Et maintenant, pourquoi la fabrication de l’air liquide est-elle si importante, et à quoi sert-elle ?

Tout d’abord, elle permet de réaliser simplement la séparation si longtemps cherchée de l’air en ses élémens oxygène et azote, dont la production à l’état pur est, — nous allons voir pourquoi, — un des principaux problèmes de l’industrie.

Cette séparation de l’air liquide en ses constituans se fait d’une manière assez analogue à la rectification de l’alcool, par distillation fractionnée. Les deux composans de l’air sont en effet inégalement volatils : l’oxygène, qui bout à — 182°, 5, l’est moins que l’azote qui bout à — 193°,5. C’est cette différence, infiniment précieuse, qui permet de les séparer.
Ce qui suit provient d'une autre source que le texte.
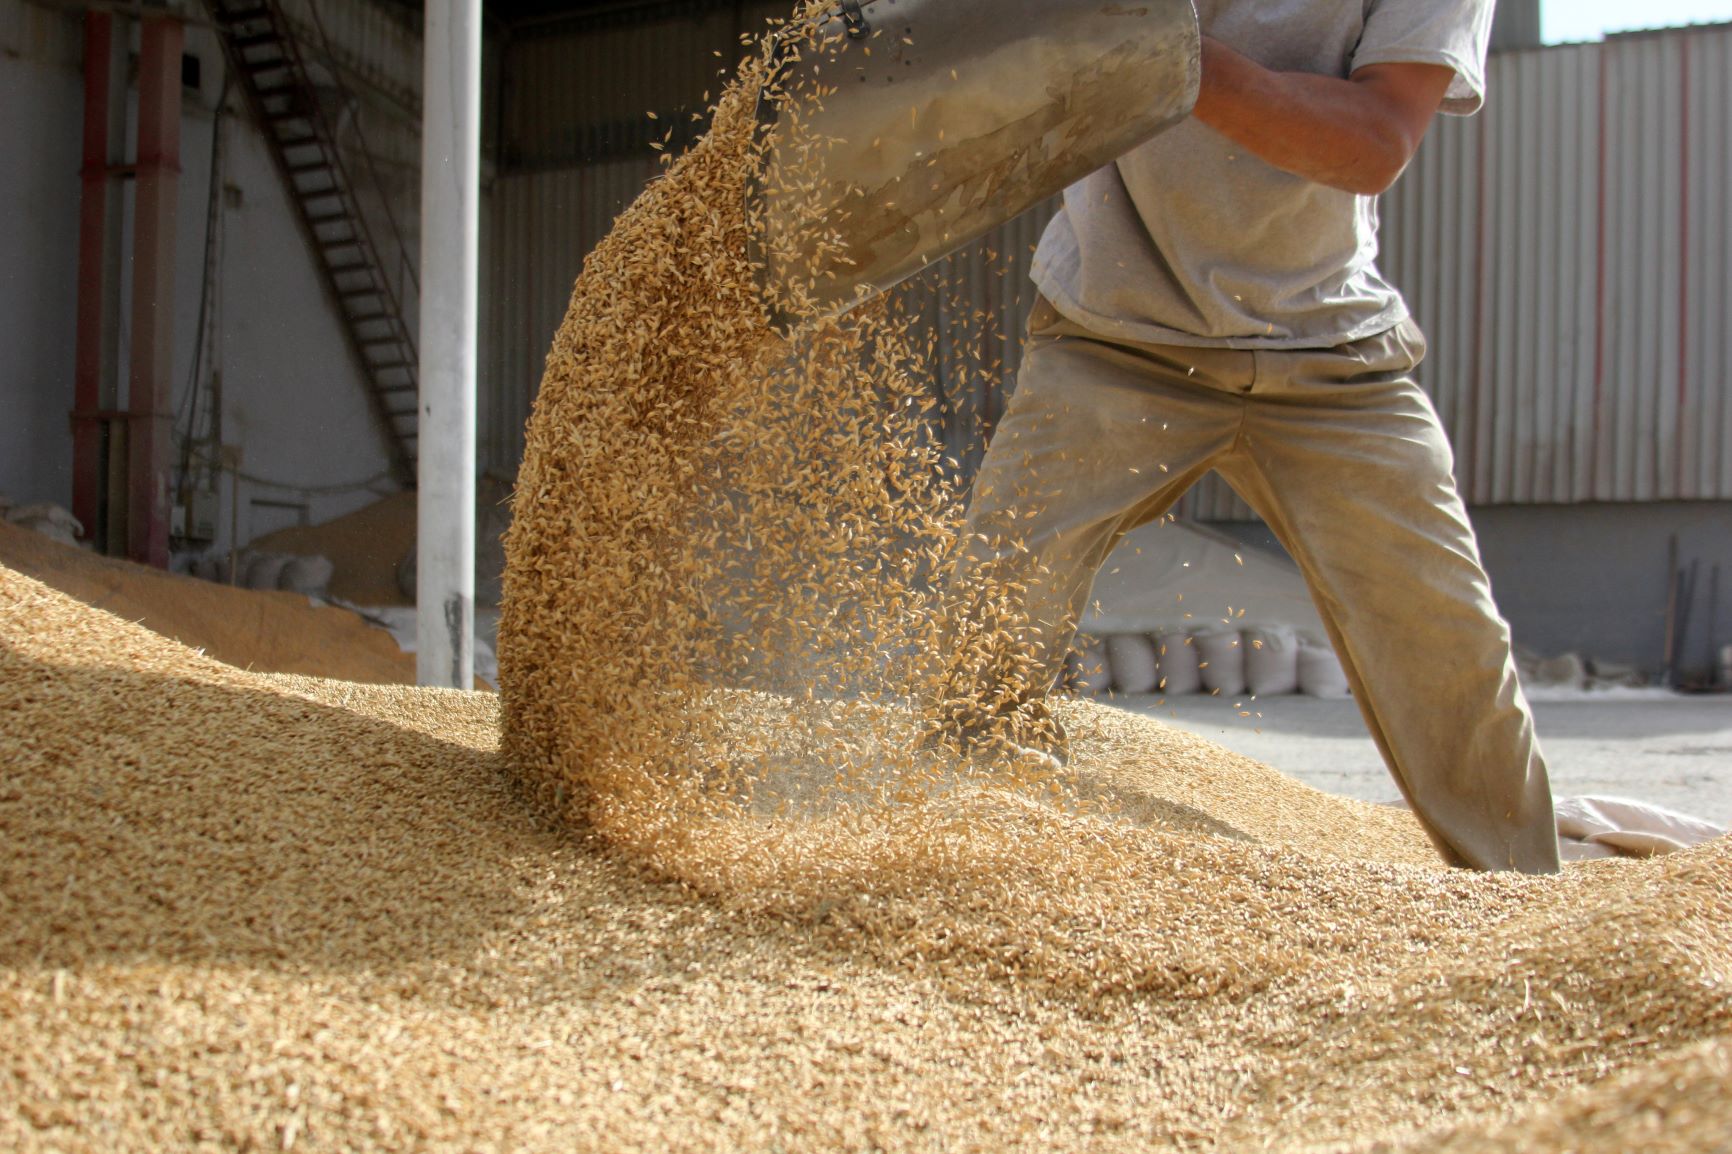 worker moving grain under grain silo

Si on laisse en effet de l’air liquide s’évaporer librement, l’azote plus volatil s’échappera d’abord en plus grande proportion que l’oxygène au point que le liquide résiduel finira par n’être composé que, d’oxygène presque pur. Mais ce procédé ne serait évidemment pas économique, car il faudrait beaucoup d’air liquide pour n’obtenir que très peu d’oxygène, le reste de celui-ci et tout l’azote étant perdus dans l’atmosphère. M. Claude réussit à échapper à ces difficultés en liquéfiant l’air, non plus en un seul bloc, mais progressivement de façon à avoir d’abord surtout de l’oxygène liquide, puis surtout de l’azote liquide. Celui-ci, circulant dans une colonne de rectification analogue à celle de nos distillateurs, condense ensuite l’oxygène seul de l’air qui monte dans cette colonne ; cet oxygène condensé s’écoule vers le bas, tandis que l’azote s’échappe au sommet. C’est ainsi qu’on arrive, en partant de la plus répandue et de la moins chère des matières premières, l’air atmosphérique, à produire très économiquement l’azote pur et l’oxygène pur.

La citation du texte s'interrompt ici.